Um dos objectivos do estudo foi observar se os sintomas de prurido nasal, coriza, espirros e lacrimejamento eram reconhecidos pelos adolescentes como sintomas de rinoconjuntivite.

Neste estudo, 65,2%(86/139) dos adolescentes responderam não ter rinoconjuntivite, embora preenchessem os critérios para este diagnóstico clínico. Por outro lado, apenas 17,6% (136/774) afirmaram ter rinoconjuntivite, sem preencher os critérios estabelecidos.

A maioria dos adolescentes com rinoconjuntivite não sabia que apresentava esta doença, o que pode estar relacionado com o subdiagnóstico ou a não valorização dos sintomas relacionados com a condição.
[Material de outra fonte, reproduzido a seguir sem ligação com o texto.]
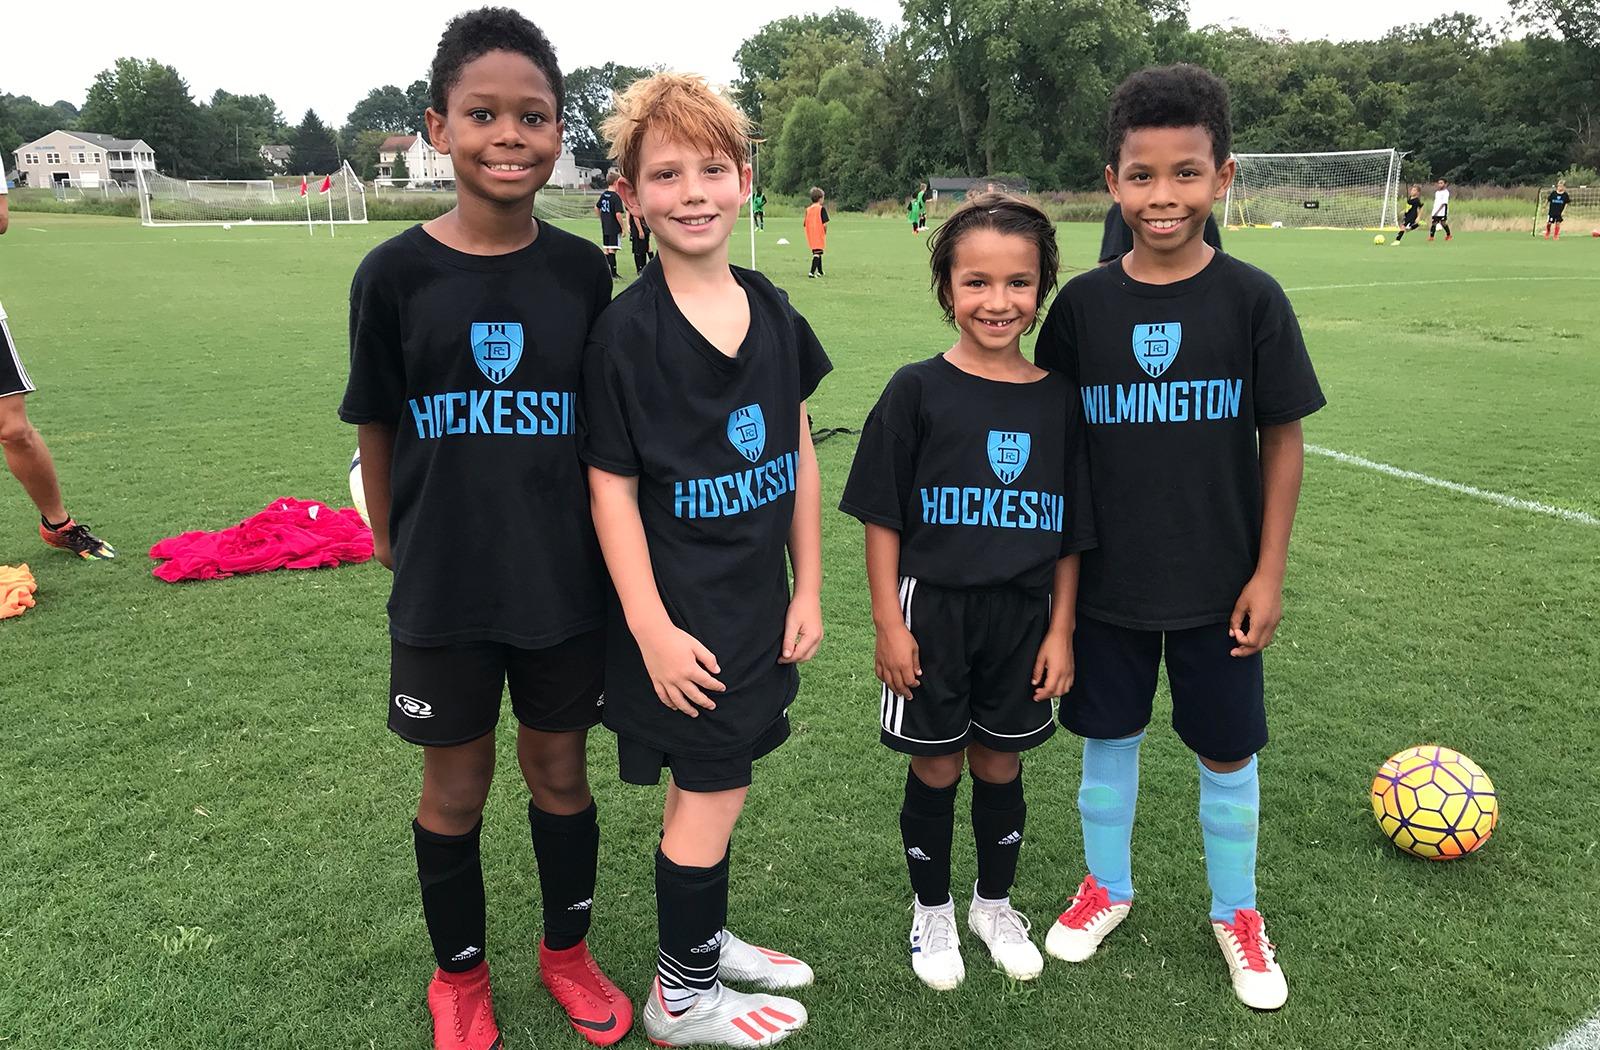 Delaware FC Hockessin and Delaware FC Wilmington Preseason Academy

O facto de não identificar os sintomas de rinoconjuntivite como uma das manifestações clínica da doença alérgica respiratória crónica pode ser factor importante na resposta inadequada ao tratamento instituído para os sintomas pulmonares, muitas vezes realizado sem que se considerem os sintomas nasais.

O curso natural das doenças alérgicas é conhecido como marcha atópica 28 , em que ocorre uma sequência típica de progressão de sinais clínicos de dermatite atópica, alergia alimentar e alergia respiratória.

A identificação da rinite associada à asma é importante para a tomada de decisão terapêutica e pode contribuir para o controlo mais efectivo dos sintomas, em relação aos casos onde o tratamento medicamentoso da asma é priorizado. Os relatos de diferentes autores corroboram o conceito da unicidade da via aérea, que preconiza para esta doença um tratamento único. O reconhecimento dos sintomas nasais como um dos pilares da síndroma alérgica respiratória crónica, implica uma abordagem terapêutica mais abrangente, que culminará no controle adequado dos sintomas, repercutindo a melhoria da qualidade de vida do indivíduo acometido, bem como dos seus familiares.